[Distutils] Platform naming standardization

Ronald Oussoren ronaldoussoren at mac.com
Thu Jan 14 16:43:46 CET 2010


On 14 Jan, 2010, at 10:36, M.-A. Lemburg wrote:

> Ronald Oussoren wrote:
>> 
>> On 13 Jan, 2010, at 23:44, M.-A. Lemburg wrote:
>> 
>>> Ronald Oussoren wrote:
>>>> 
>>>> On 13 Jan, 2010, at 18:41, M.-A. Lemburg wrote:
>>>> 
>>>>> Ronald Oussoren wrote:
>>>>>> 
>>>>>> On Wednesday, January 13, 2010, at 04:15PM, "M.-A. Lemburg" <mal at egenix.com> wrote:
>>>>>> 
>>>>>>> 
>>>>>>>> 2) On OS X, the modification to the value returned by
>>>>>>>> pkg_resources.get_platform() isn't correct for fat version of Python
>>>>>>>> 2.5, as detailed in setuptools issue 19.  To solve that, we're using the
>>>>>>>> patch I submitted to the issue (with a couple recent changes).
>>>>>>> 
>>>>>>> I think that using "fat" in the version string is wrong for
>>>>>>> Mac OS X, since there are many ways to build fat binaries.
>>>>>>> 
>>>>>>> Instead, the version string should include the details of
>>>>>>> all included builds, ie. 'x86', 'x64', 'ppc', 'ppc64'.
>>>>>> 
>>>>>> Maybe in the long run, but for now "fat" has a well-defined meaning for distutils: fat == ppc + x86_64. There is also a number of other variants, as described in the documentation for distutils.
>>>>> 
>>>>> I think you meant: fat == ppc + i386.
>>>> 
>>>> Thats right.
>>>>> 
>>>>> However, it's also possible to build binaries with ppc, i386 and
>>>>> x86_64 - as are shipped with Mac OS X 10.6, so "fat" is not really
>>>>> well-defined and could lead to trying to install 32-bit software for
>>>>> a 64-bit build of Python.
>>>> 
>>>> "fat" is well-defined for distutils, see the definition of get_platform at <http://docs.python.org/distutils/apiref.html>. 
>>>> 
>>>> For distutils "fat" is always a universal binary with architectures i386 and ppc, with alternate names for other variants.
>>> 
>>> Thanks for pointing that out, however, I don't think that creating
>>> aliases for combinations of various different architectures
>>> is a good idea.
>>> 
>>> It's better to make the included architectures explicit and use
>>> this logic for all platforms, not just Mac OS X.
>> 
>> I would probably have done that, knowing what I know now.   
>> 
>> Hashing out the details on what combinations of architectures are valid during installation will be fun though ;-). That is, if my python says its machine is "i386,x86_64" is it then acceptable to install an "i386" binary, an "i386,x86_64" binary, and "i386,ppc, x86_64" binary?
> 
> The point is that even though your Python binary may say it's
> "i386,x86_64", the version you run your application with
> will either be "i386" or "x86_64" (depending on the OS environment
> settings).
> 
> Now let's say you're running the "i386" version. As long as all
> installed components provide the "i386" part you should be fine.
> In your example all components provide the "i386" part, so all
> of them can be installed.

I don't agree, "easy_install somepackage" should install a component that supports at least all architectures supported by the Python binary.   Otherwise you might install a package and have problems later when you try to use it. 
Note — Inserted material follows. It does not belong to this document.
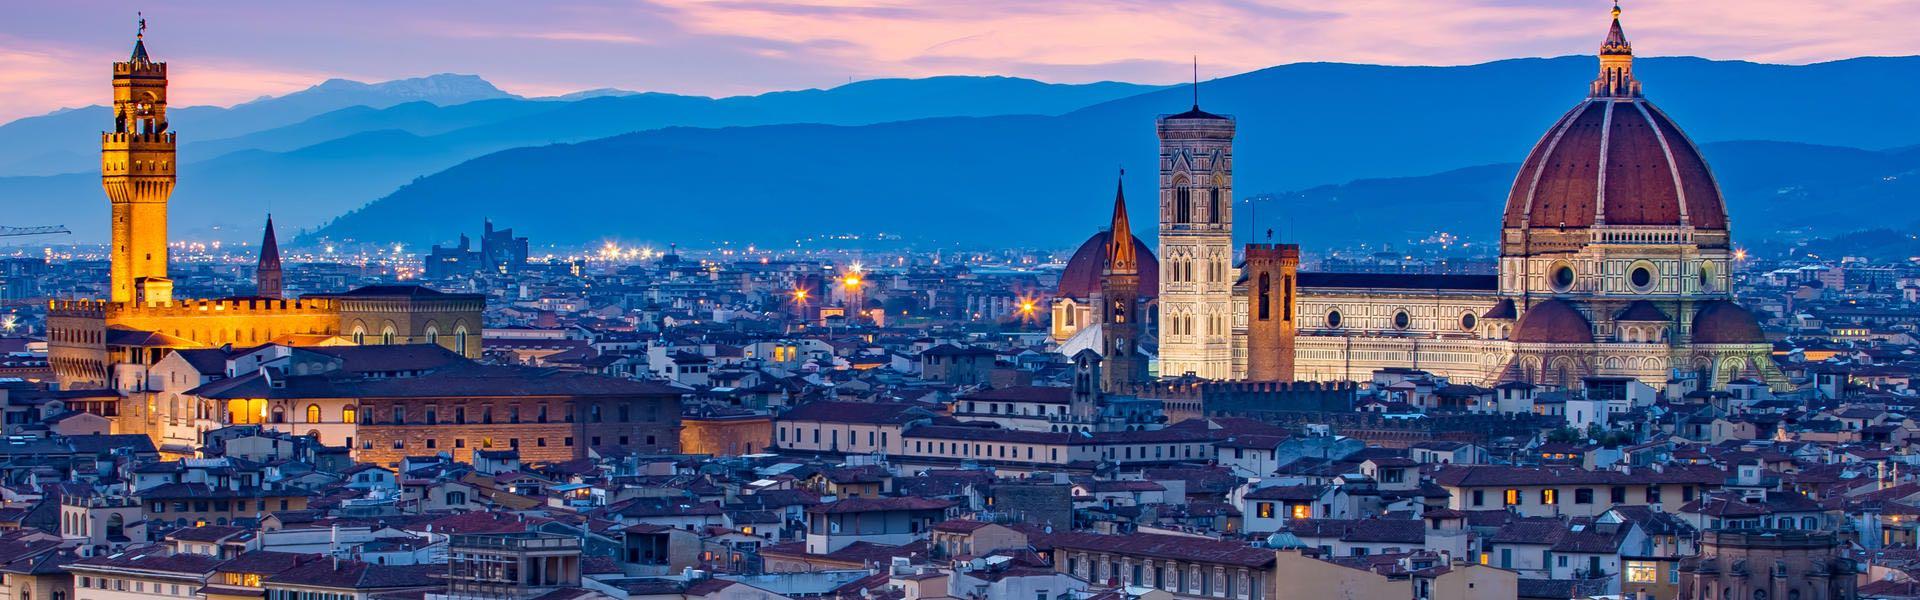 Ραντεβού Βερόνα Ιταλία
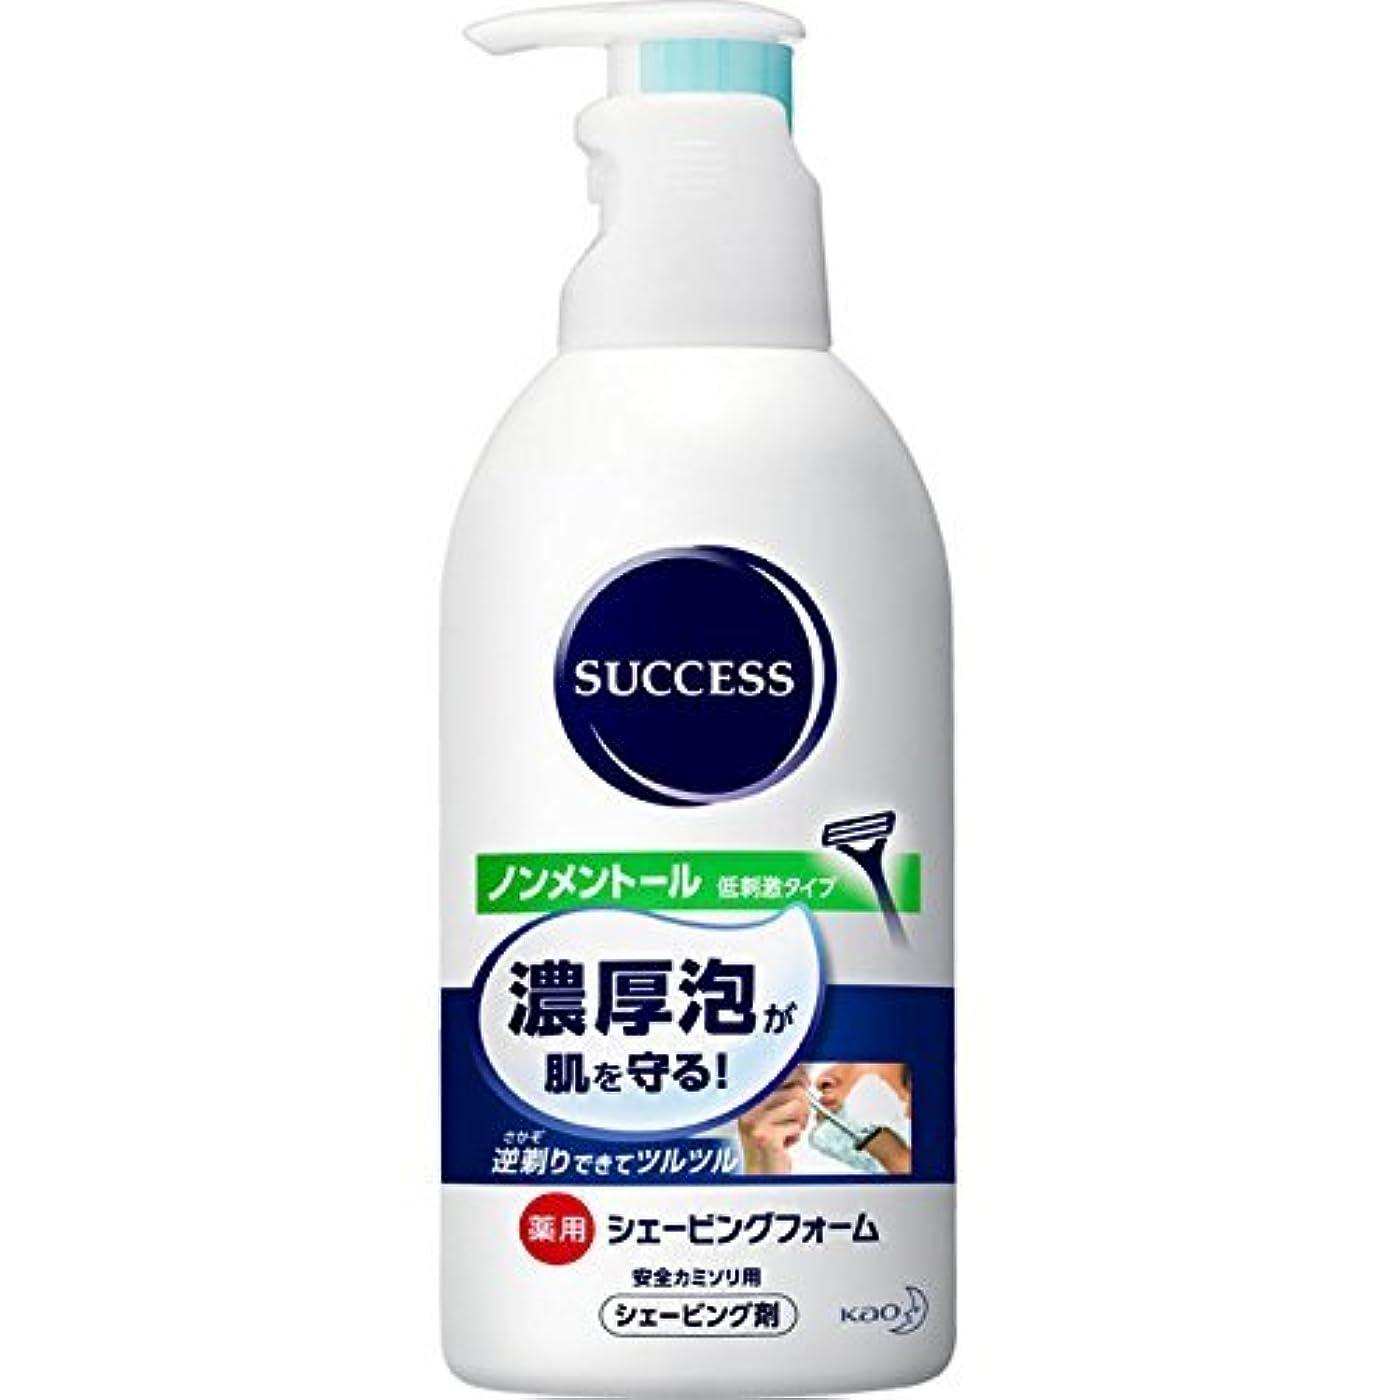 女王ランプバレル【まとめ買い】サクセス薬用シェービングフォーム(ノンメントール)/250g ×2セット

An example of this is a recent 64-bit capable machine with older versions of Tkinter or wxPython:  on those systems python will run as a 64-bit binary by default, but you sometimes have to run python in 32-bit mode to be able to use Tkinter. It would be very annoying and possibly confusing when I install a library and end up not being able to use it sometimes.

I also regularly build standalone app bundles on one machine and run them on other machines, those should also included all components in all supported architectures. 

> 
> With the aliases, this kind of detection is also possible, but
> only after mapping the aliases back to the combination of included
> architecture names.
> 
> In a few years, we'll probably only see "x86_64" binaries for
> Mac OS, but until then, package installers will have to
> be able to work out the problem of finding installable
> distribution files among the available ones.

I agree, at least until the next new thing comes along (such as something arm-based).

> 
> BTW: With Python 2.6, if you build using the x86_64 version of
> Python, distutils will still use the "macosx-10.5-i386"
> platform identifier. Should I file a bug for this ?

That should be fixed in the repository, distutils assumed that the "uname -m" reflects the correct architecture and that is not true for a single-architecture build with default compiler flags on OSX 10.6.